1: Do not simply choose the source system primary key
Source system primary keys often are meaningless sequence numbers. Meaningless sequence numbers are not the first choice, they are the last choice. Why? Because they do not integrate across multiple lines of business, multiple applications, and they are not durable over time. Most importantly, they are not meaningful to humans
2. Ask business users what they use to uniquely identify records of a particular type
Business users can and should be able to show you the actual fields in the source system (by opening the operational applications and demonstrating) that uniquely identify rows. These fields are the lookup fields, the pull-down or drop down lists, etc.. These fields should be non-editable. Business keys in Data Vault landscape are known as durable keys in Star Schemas.
3. Profile the data set, test your findings / assumptions
Attempt to check the data for uniqueness, as well as populated values. Sometimes Business keys have been defined, but sometimes are left 50% NULL (for example). This is a business break that needs to be fixed going forward in the operational applications.

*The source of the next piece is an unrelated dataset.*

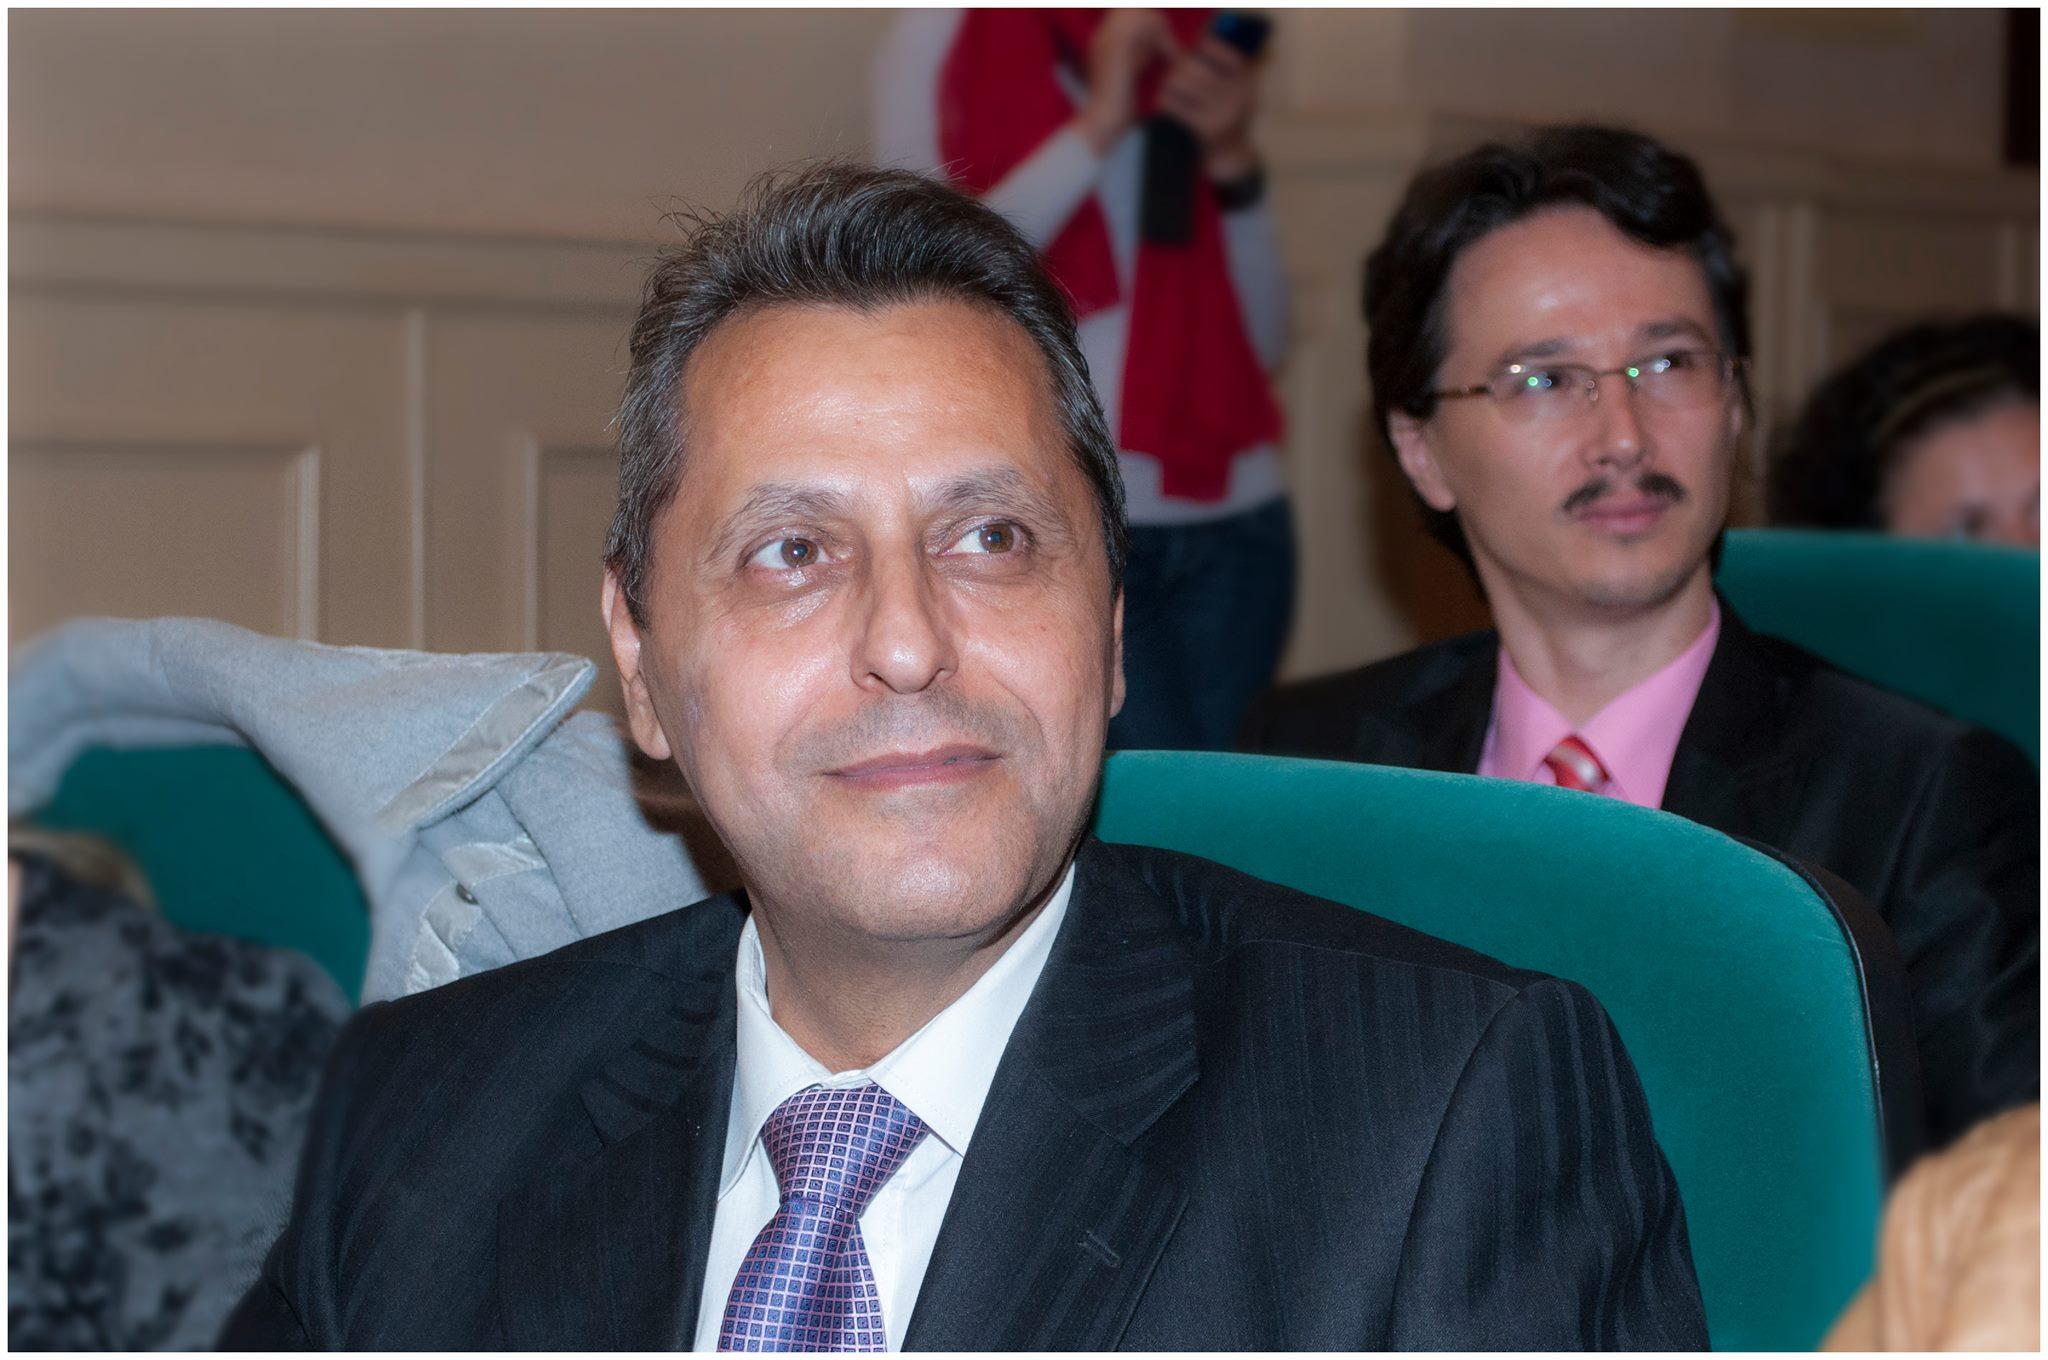 Doctor psiholog Ilie Marinescu

4. As a last resort: use the Primary Key fields
This is truly the very last resort - if you choose source system PK fields as your business keys, you will end up with a lot more objects in your Data Vault than you want or need. Furthermore you will end up with a source system DV model - which has a lot of bad implications. Finally, you will end up with zero (and I do mean zero) integration by business key.

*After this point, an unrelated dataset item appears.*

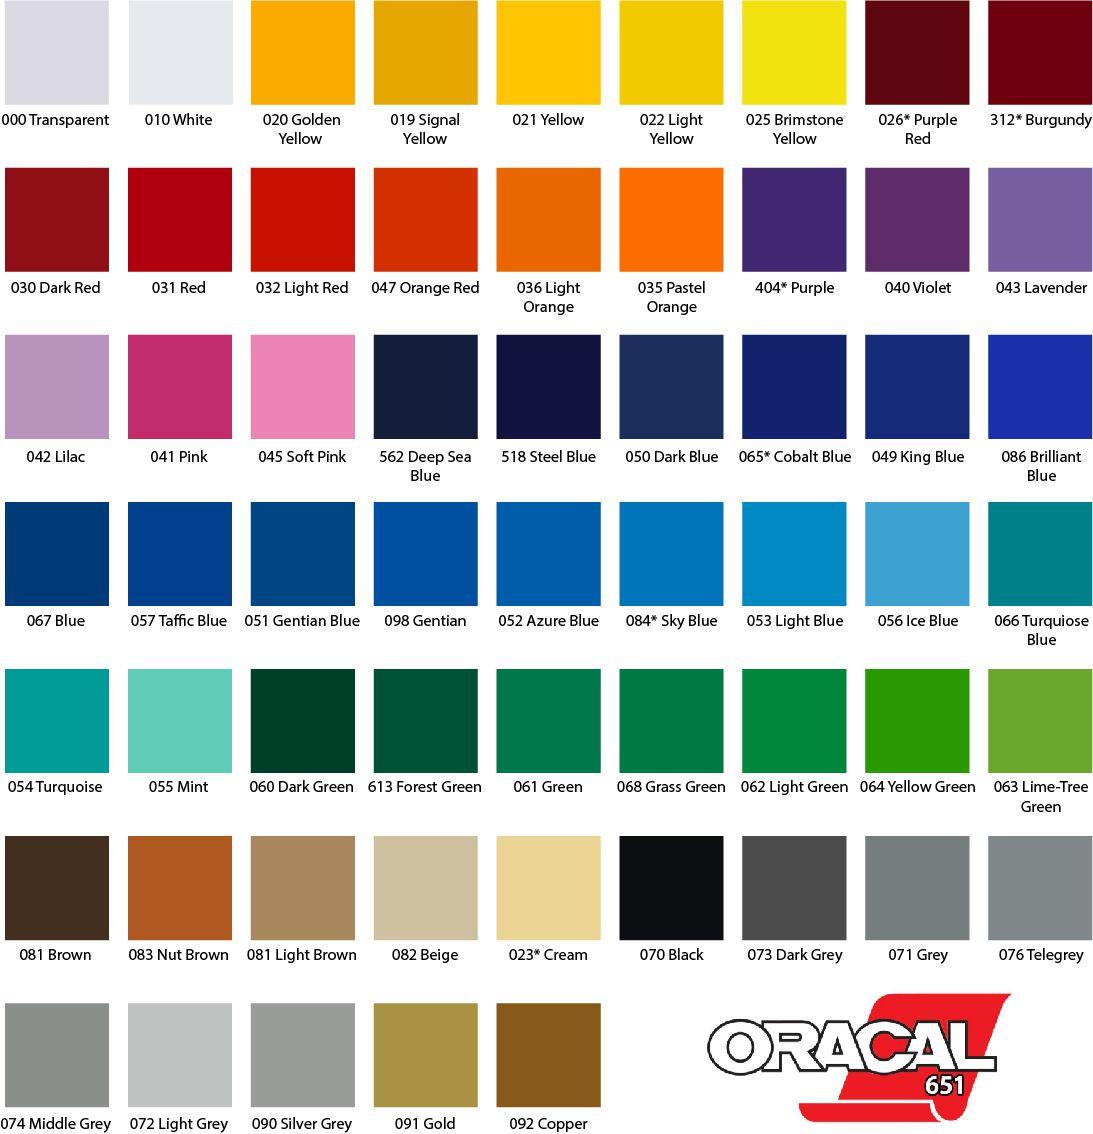 Adesivo Oracal 651 404 Purple 1,26m x 1,00m

Some words of wisdom: Do NOT get caught in analysis paralysis. Choose a business key, and move forward. Remember: Business Keys may be comprised (made up of) multiple fields (aka: composite business key). Do not get stuck on the following: "BUT my business key has multiple values for the same data set!! I need to conform it!!" WRONG. We do not conform ANY data until we load the Business Data Vault.
The fact that a single Business Key may have multiple values is irrelevant. Business Keys are defined to be IN the same hub when: they have the same semantic meaning and the same granularity across systems.
Examples of good business keys: VIN (vehicle identification numbers), BAR codes on products, Employee Badges, Part Numbers that never change, Model Numbers of Parts, Lattitude + longitude + altitude/depth, Prescription Drug Codes.
Now, that said: here's one last example to consider: At Lockheed Martin we had 75 source applications from around the world that all carried "ROCKET CONTRACT NUMBER" - a long string of alphanumeric values, that identified a single rocket building contract. Hence - the rocket contract number was built in to a single hub (they were all defined SEMANTICALLY the same: "rocket contract number"). Each source system had a different physical attribute / field name. 75 Different field names. Each source system represented the same rocket contract number with a different value. That meant: we loaded up to 75 different values / records to a single hub, for a single rocket contract.
In order to resolve these to a single rocket contract (ie: master data resolution) we needed the source systems to feed us the "old mapped to the new" contract number, every time it changed the value mechanically. This data was then loaded to a same-as-link.
So hopefully this insight helps you get a grasp on Hubs, and Business Keys. Happy building!